▸ Recorded information:
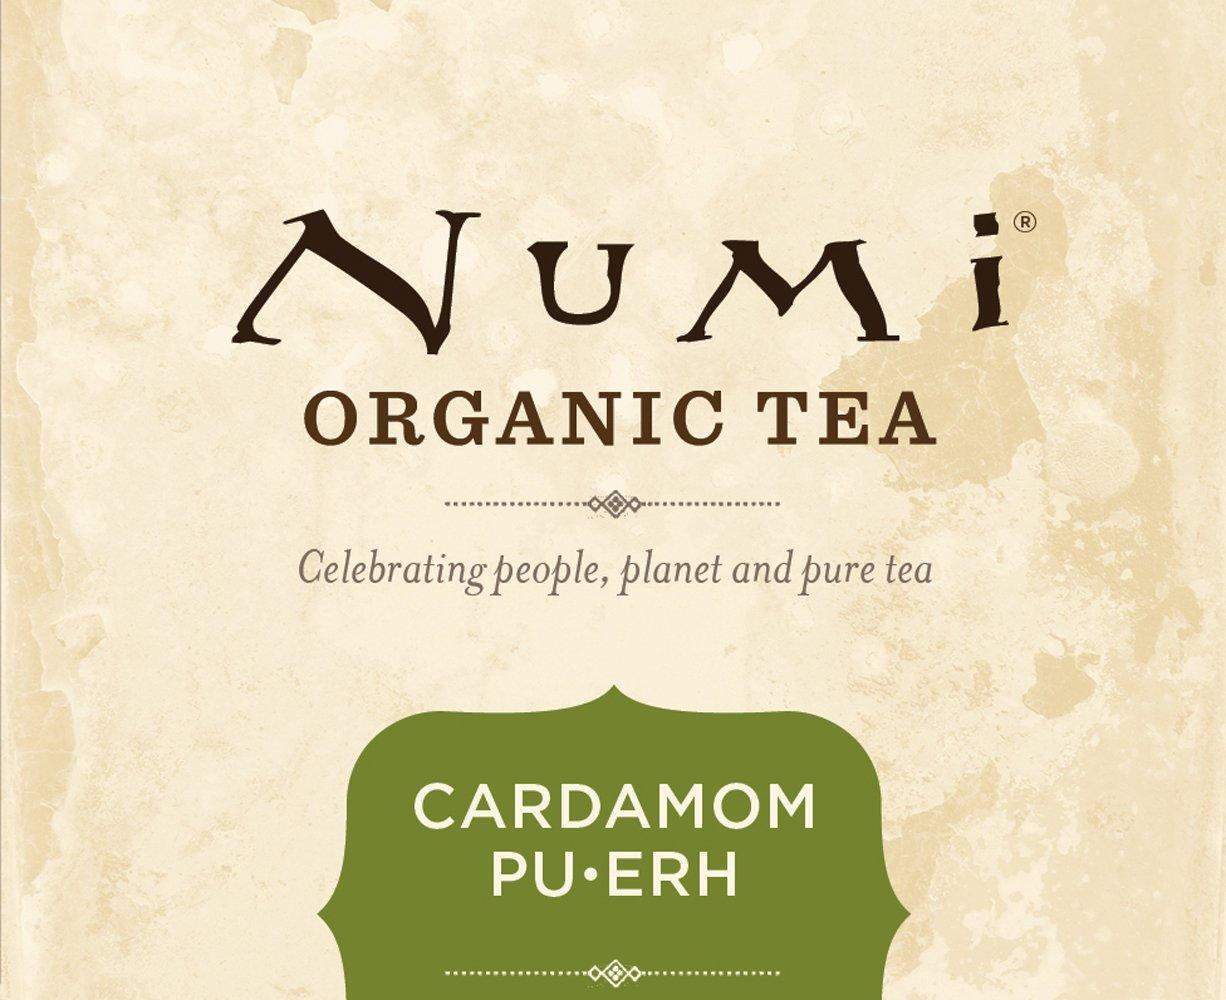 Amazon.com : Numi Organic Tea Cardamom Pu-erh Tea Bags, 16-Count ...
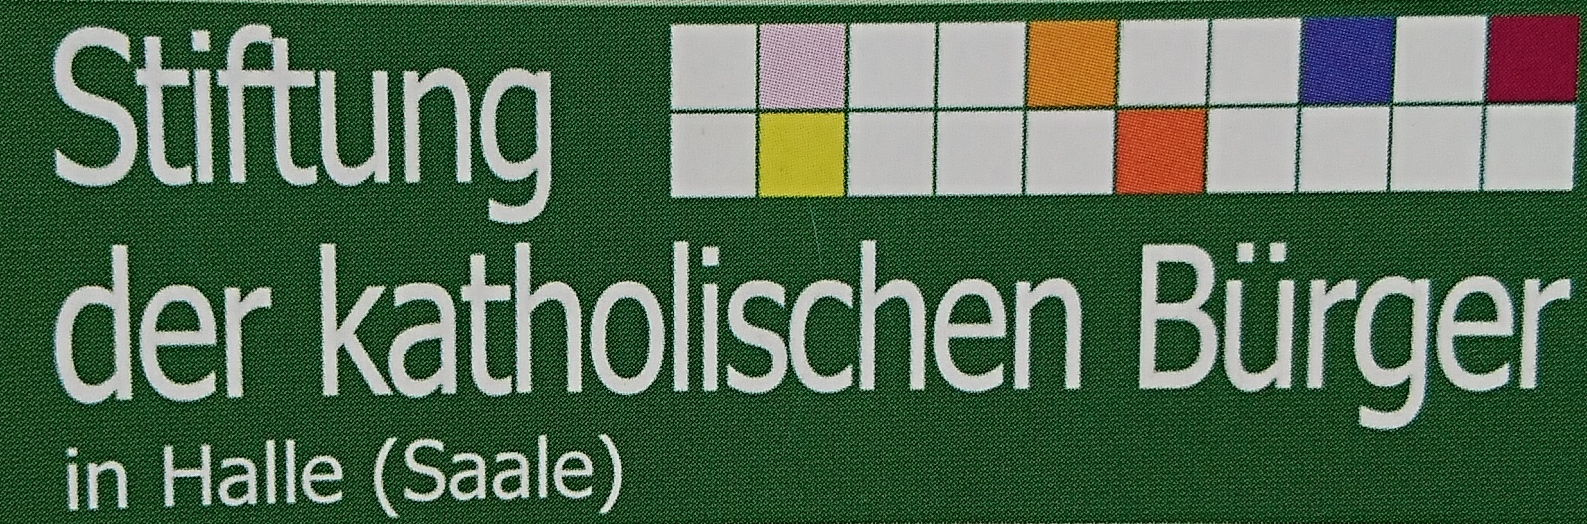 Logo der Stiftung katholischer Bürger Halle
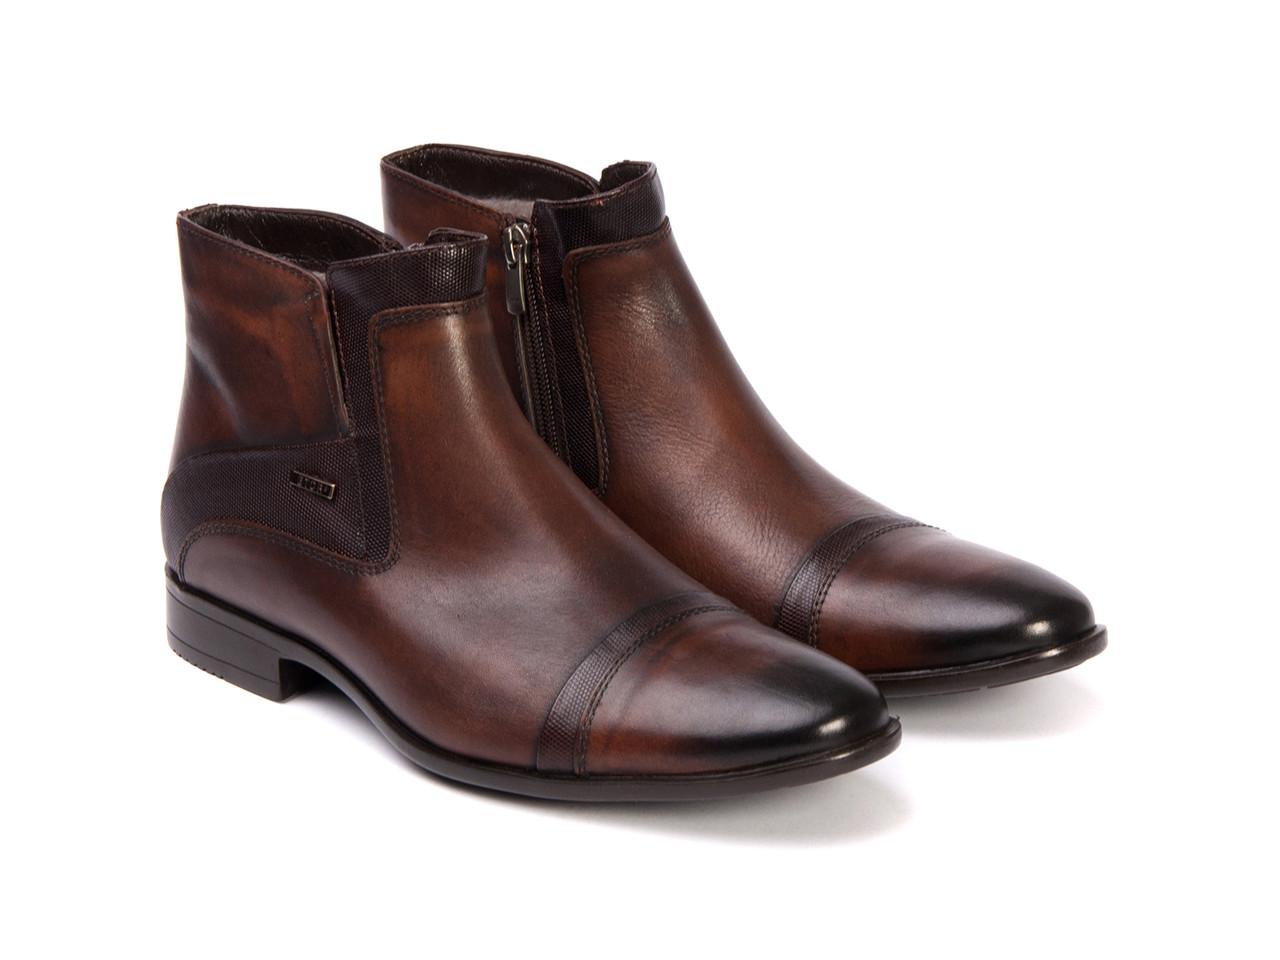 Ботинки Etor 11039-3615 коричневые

▸ Prompt: Retype the data above exactly, dropping every picture.

▸ Exercise answer:
 Amazon.com : Numi Organic Tea Cardamom Pu-erh Tea Bags, 16-Count ...
 Logo der Stiftung katholischer Bürger Halle
 Ботинки Etor 11039-3615 коричневые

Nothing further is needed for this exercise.